EXAMPLE 1 A nylon 6 filament yarn having a denier of 3 deniers and a denier of 30 deniers was used for the warp and the weft, and the density of the warp having a perforated portion was 127 / inch and the density of the weft was 13 in the arrangement shown in FIG.
Eight / inch fabrics were woven. The perforated part 2 of the fabric is shown in FIG.
Based on a 30 × 22 full-textured mosaic pattern, the yarn was formed with 4.5 complete weft directions and 6 complete warp directions (135 warp yarns, 132 weft strikes). A reed density of 58 birds / whale-sized reed is used.
The repetition of book, five, five, empty wings, and empty wings was repeated. The ground structure was a plain weave, the number of warps between adjacent perforated portions was 120, and the number of wefts between adjacent perforated portions in the warp direction was 96. As a result, a fabric having a size of one perforated portion of 27 mm × 25 mm, an area ratio of the perforated portion to the plain weave fabric portion of about 1: 3, and a basis weight of 37 g / m ² was obtained. The woven fabric was subjected to ordinary scouring, heat setting, and dyeing, and then impregnated with Hydran APX-101H (urethane resin manufactured by Dainippon Ink and Chemicals, Inc.). The resin liquid is dried and solidified while blowing air to prevent clogging of the effective portion due to the urethane resin, and the cross weight is 44 g / m ^2.
Of the present invention was obtained.

Using the cloth thus obtained, a rib portion of a paraglider was formed, and when it was flown, the wing had good morphological stability and good glide.

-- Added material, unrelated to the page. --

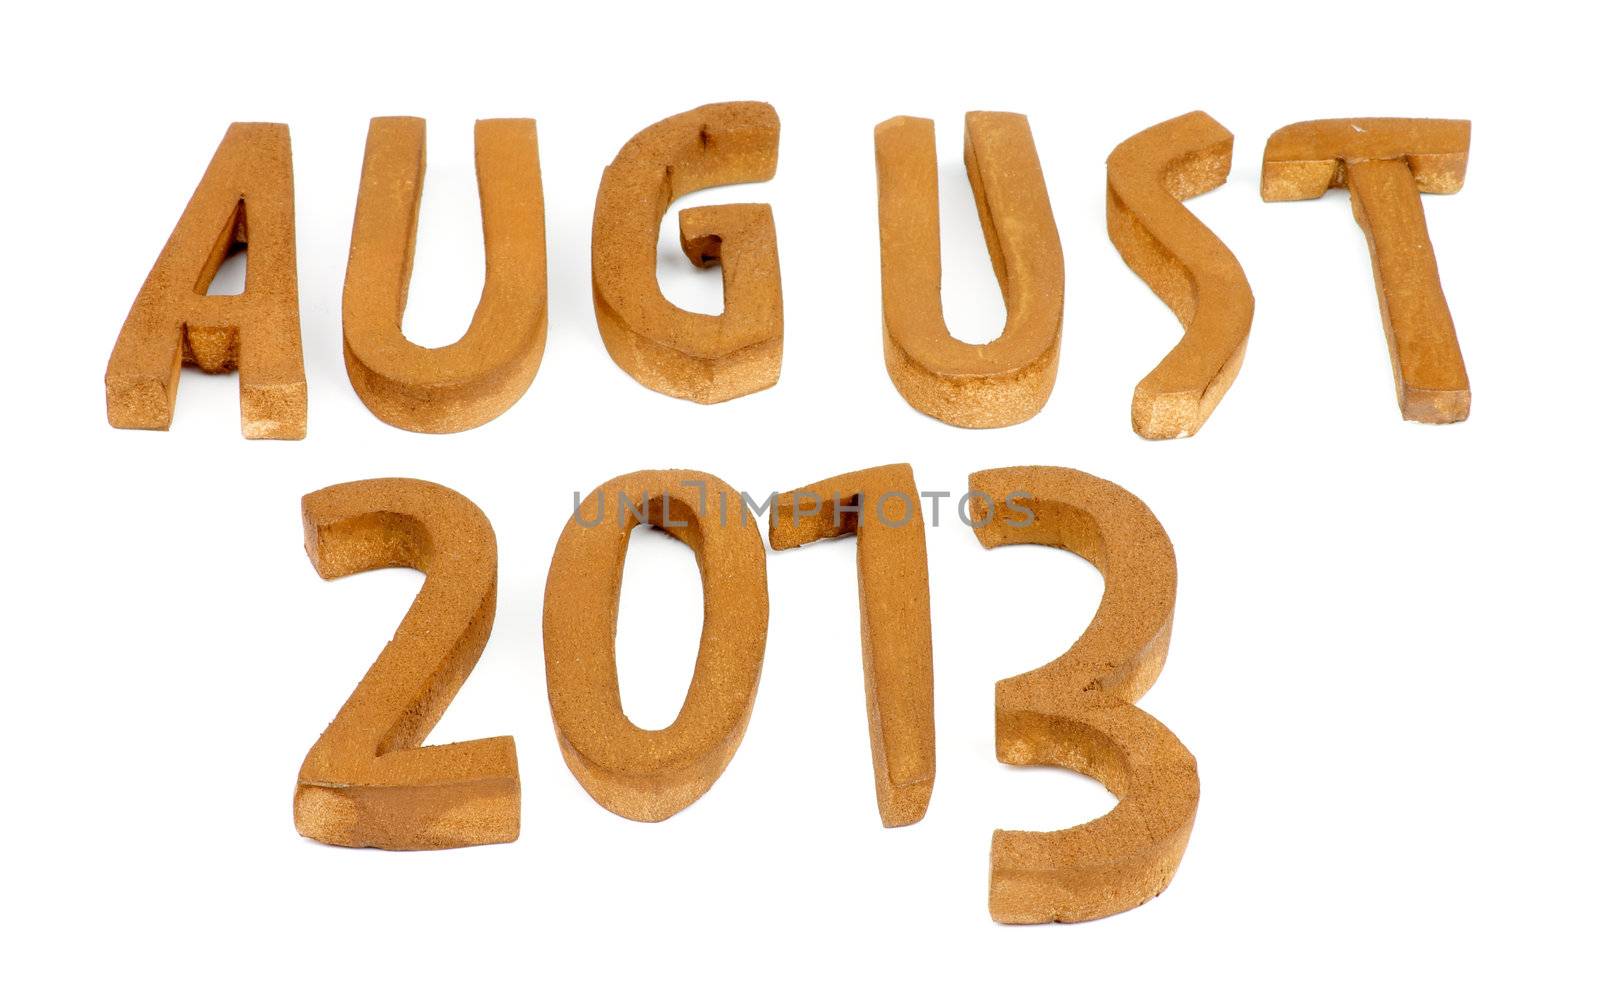 Wooden Handmade Letters "August 2013" isolated on white background

Comparative Example 1 A warp density of 127 using a nylon 6 filament yarn having a single yarn fineness of 3 denier and a total fiber density of 30 denier as a warp and a weft.
A ripstop fabric having a weft density of 138 yarns / inch and a weft density of 138 yarns / inch was woven. The woven fabric had three ripstops for both the warp and the weft, and the inner dimensions of the lattice were 5 mm in both the warp and weft directions. The basis weight of the obtained woven fabric was 37 g / m ² . The woven fabric was subjected to ordinary scouring, heat setting, and dyeing, and then coated with Chrisbon MP-865PS (urethane resin manufactured by Dainippon Ink Co., Ltd.) by a floating method. The cloth basis weight after the resin processing was 44 g / m ² .

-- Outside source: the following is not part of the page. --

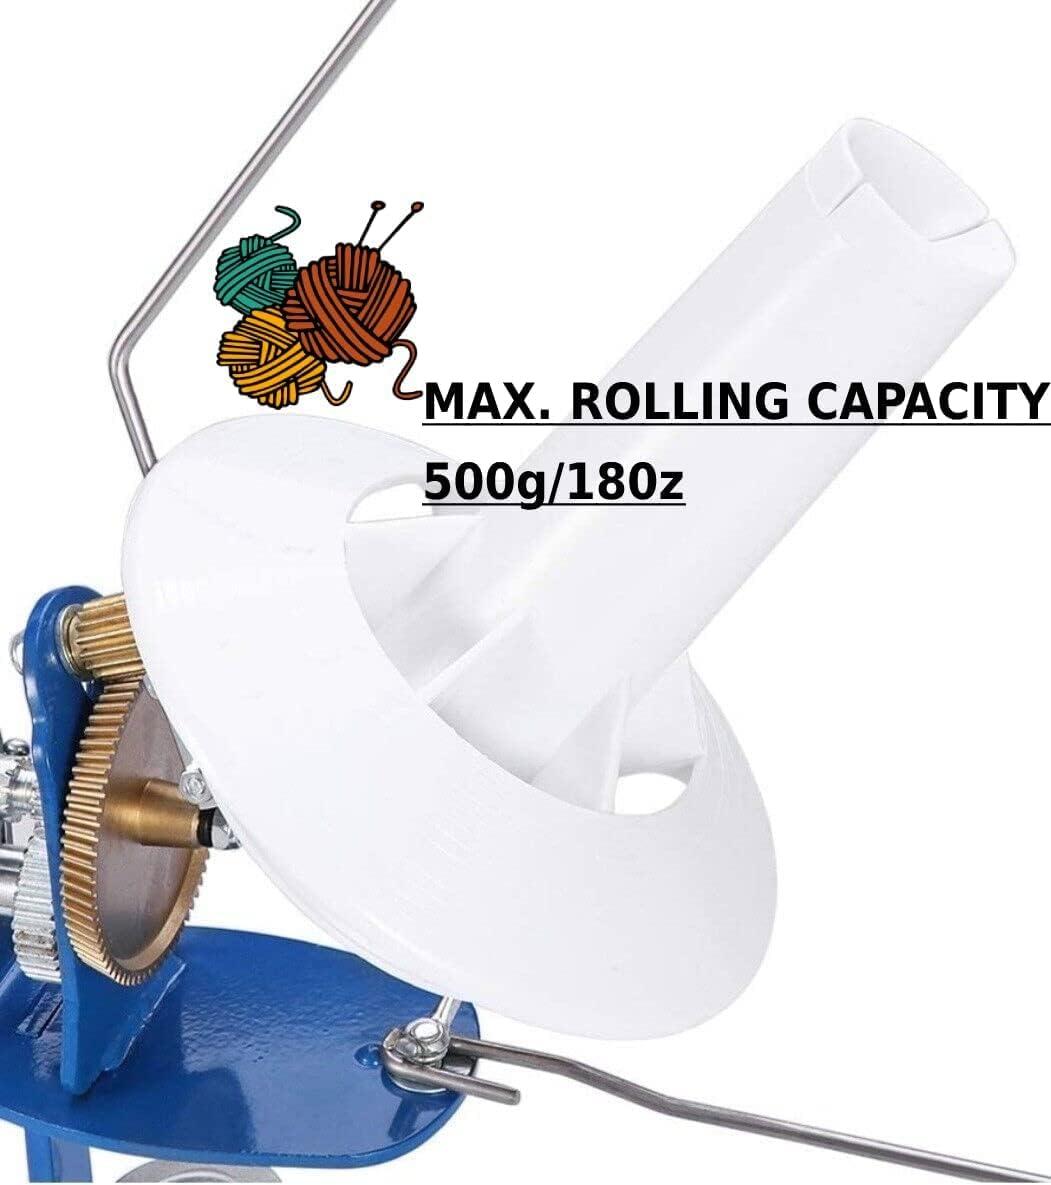 Best Deal for Yarn Ball Winder - Manual Hand Operated Roll String Yarn

Using the obtained cloth, the wings were evaluated for form stability and glide based on a paraglider obtained by processing a rib portion of a paraglider by a conventional method. As a result, no difference was found between the morphological stability and the gliding property of the blade of the paraglider using the rib cloth of the present invention and the rib cloth of the conventional drilling method. However, the sewing processability of the paraglider has been considerably simplified.

[0024]

According to the present invention, it is possible to provide a highly reliable paraglider since the physical properties of the rib cloth can be utilized as it is because there is no need to drill holes during sewing of the paraglider because the rib cloth has a hole. It is now possible. Further, the work of drilling holes in the rib cloth becomes unnecessary, and the cost can be reduced.

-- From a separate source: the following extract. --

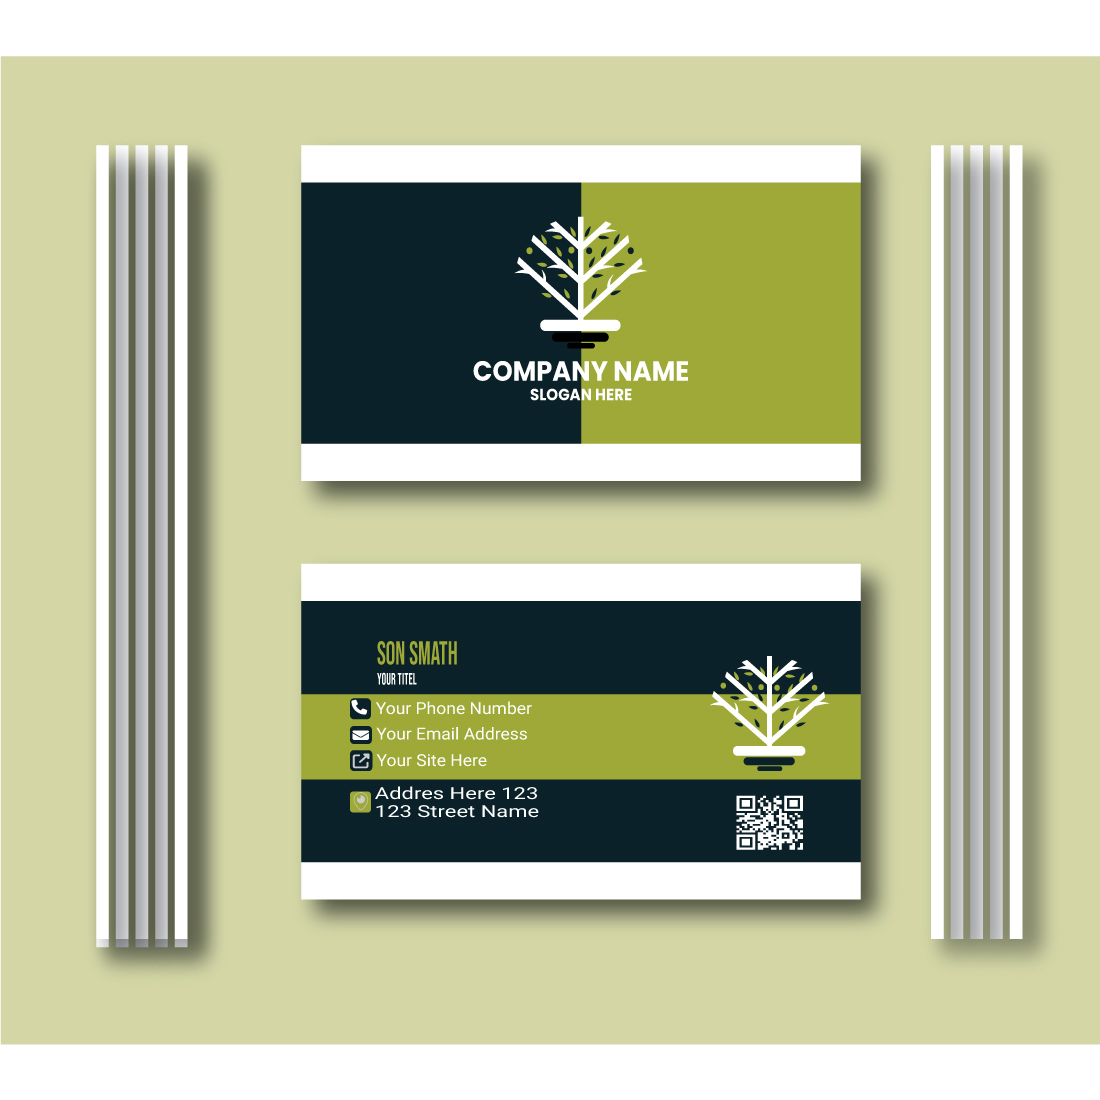 Creative Business Card Design preview image.

[Brief description of the drawings]

FIG. 1 is a schematic view showing a perforated portion of a rib cloth of the present invention.

FIG. 2 is an example of a structure for obtaining a perforated portion of a rib cloth of the present invention.

FIG. 3 is a schematic longitudinal sectional view of a conventional paraglider according to the present invention.

[Explanation of symbols]

 DESCRIPTION OF SYMBOLS 1 Ground cloth part of rib cloth 2 Perforated part of rib cloth 3 Upper surface 4 Lower surface 5 Rib 6 Side vent hole 7 Air intake 8 Suspension line 9 Harness

──────────────────────────────────────────────────の Continued on front page (51) Int.Cl. ⁶ Identification code FI B29K 105: 08

Claims (1)

[Claims] 1. A rib cloth for paragliders, wherein a woven fabric made of synthetic fiber filament yarn and having a perforated portion with a woven structure is resin-processed.